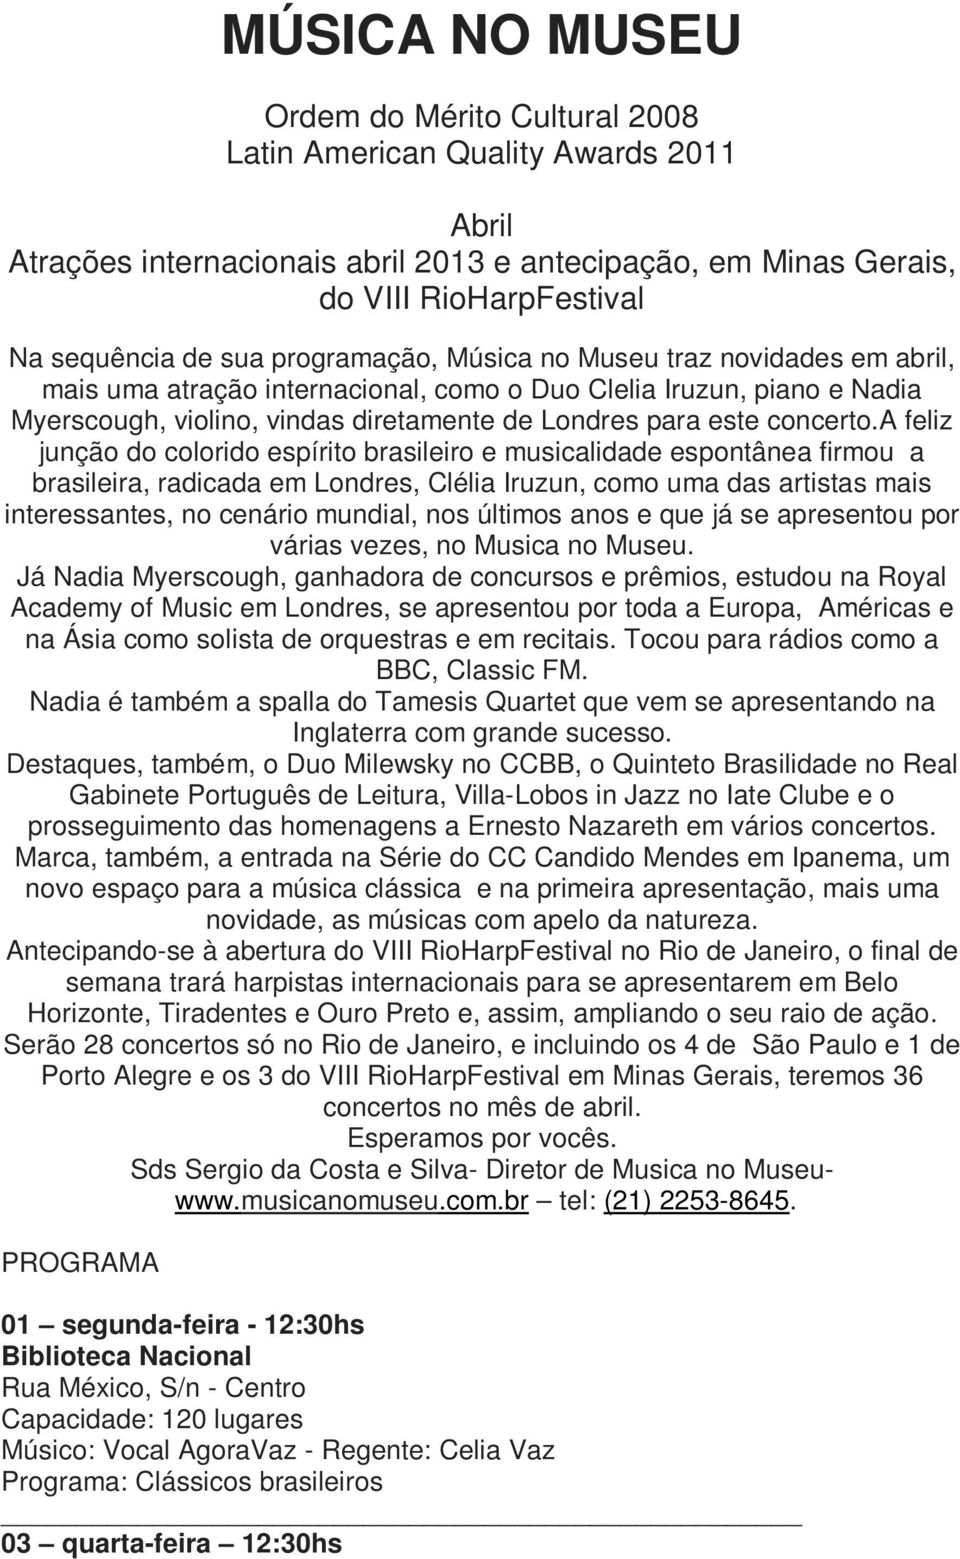 a feliz junção do colorido espírito brasileiro e musicalidade espontânea firmou a brasileira, radicada em Londres, Clélia Iruzun, como uma das artistas mais interessantes, no cenário mundial, nos
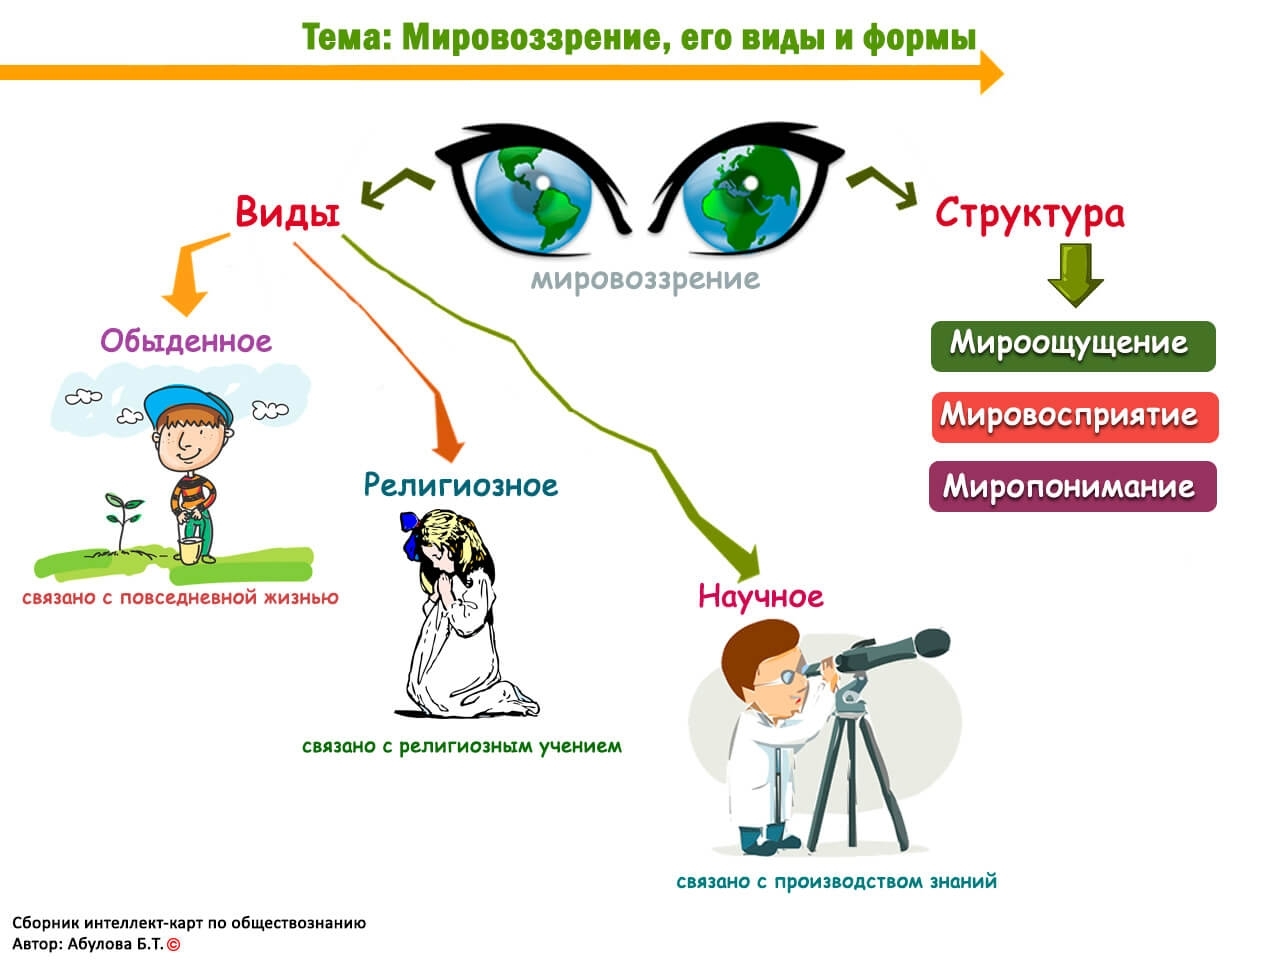 Мировоззрение современного человека: «Что определяет мировоззрение современного человека?» – Яндекс.Кью – «Что определяет мировоззрение современного человека?» – Яндекс.Знатоки
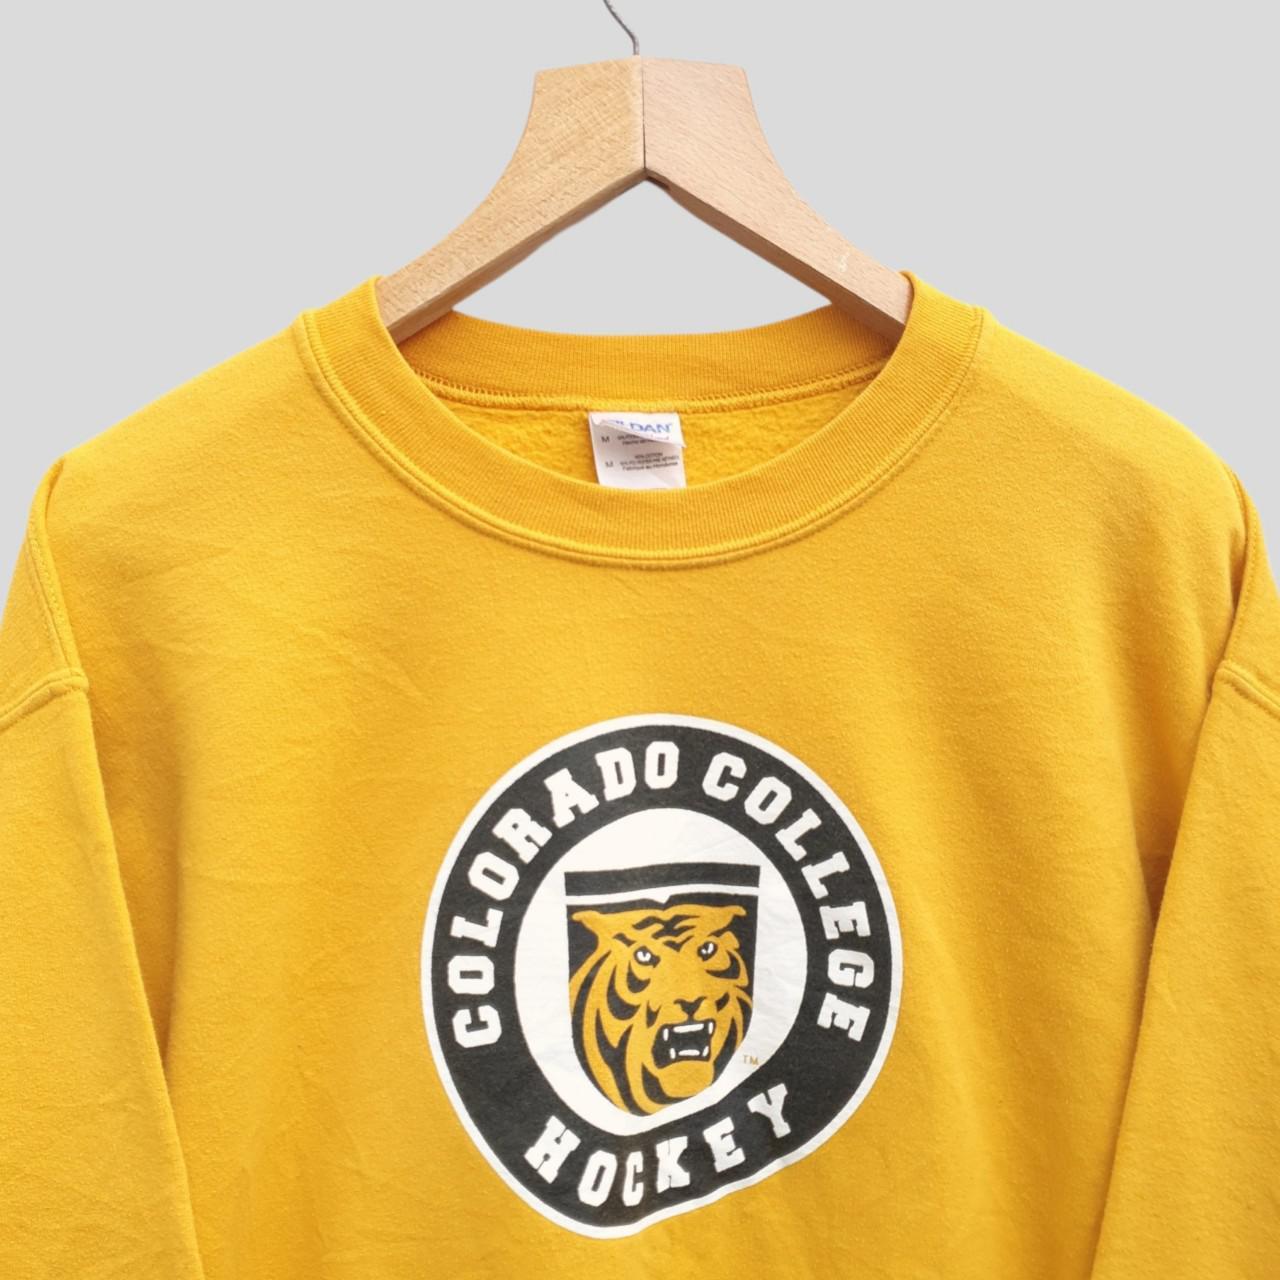 Vintage American Colorado College Hockey Sweatshirt... - Depop
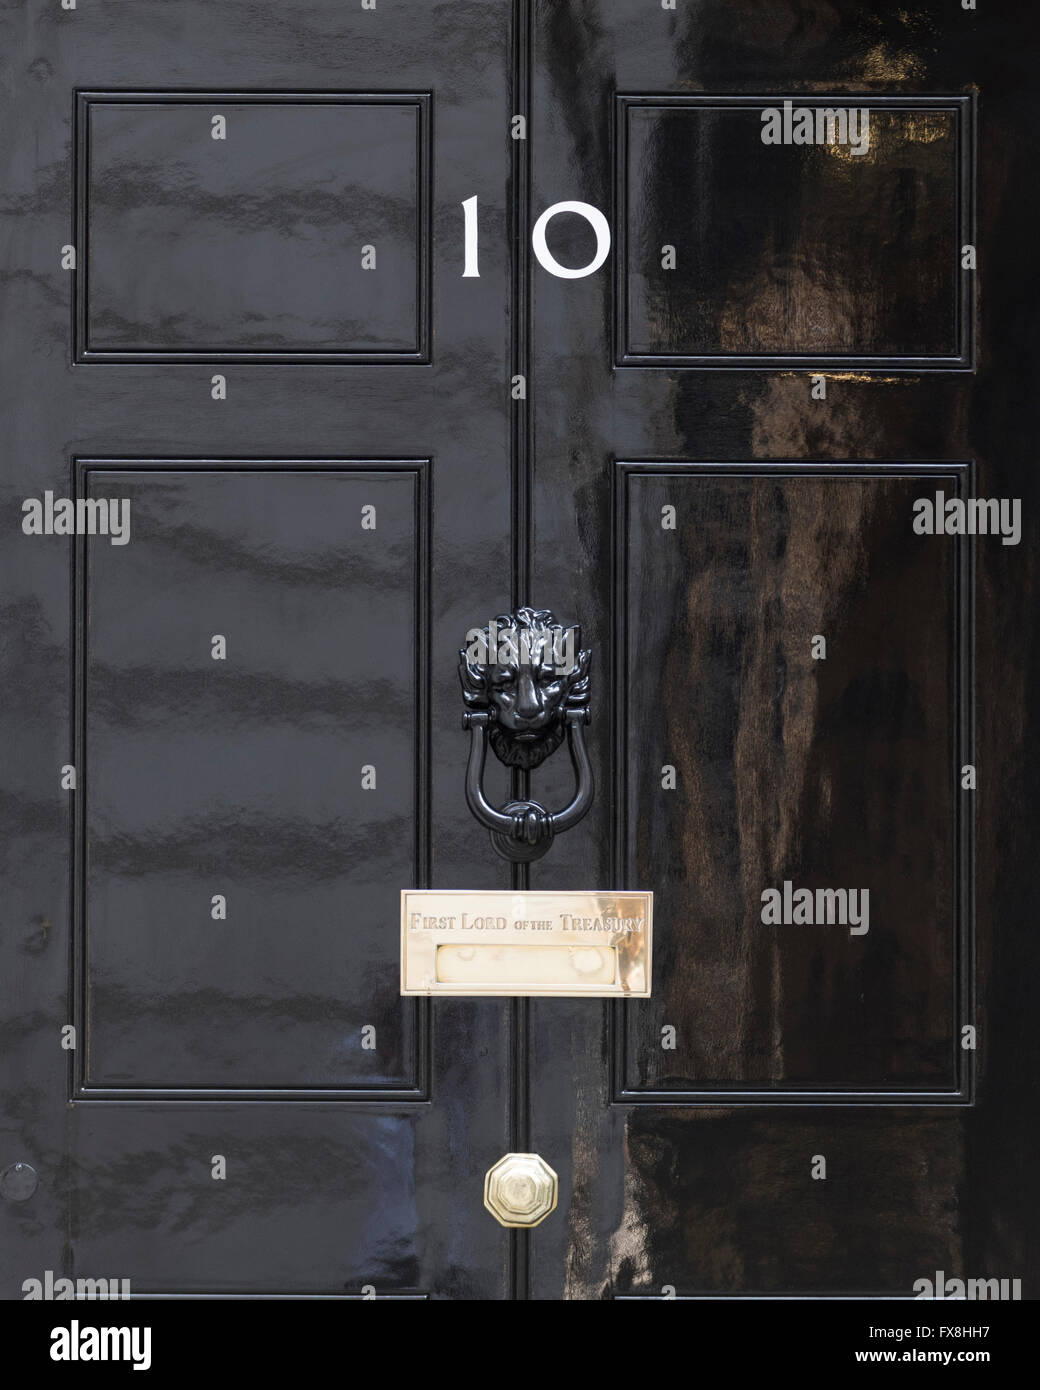 El número 10 de Downing Street es un edificio del gobierno del Reino Unido y es la residencia oficial del Primer Ministro británico. Foto de stock

*****

Return the data word for word without its pictures.

 a feliz junção do colorido espírito brasileiro e musicalidade espontânea firmou a brasileira, radicada em Londres, Clélia Iruzun, como uma das artistas mais interessantes, no cenário mundial, nos
 Мировоззрение современного человека: «Что определяет мировоззрение современного человека?» – Яндекс.Кью – «Что определяет мировоззрение современного человека?» – Яндекс.Знатоки
 Vintage American Colorado College Hockey Sweatshirt... - Depop
 El número 10 de Downing Street es un edificio del gobierno del Reino Unido y es la residencia oficial del Primer Ministro británico. Foto de stock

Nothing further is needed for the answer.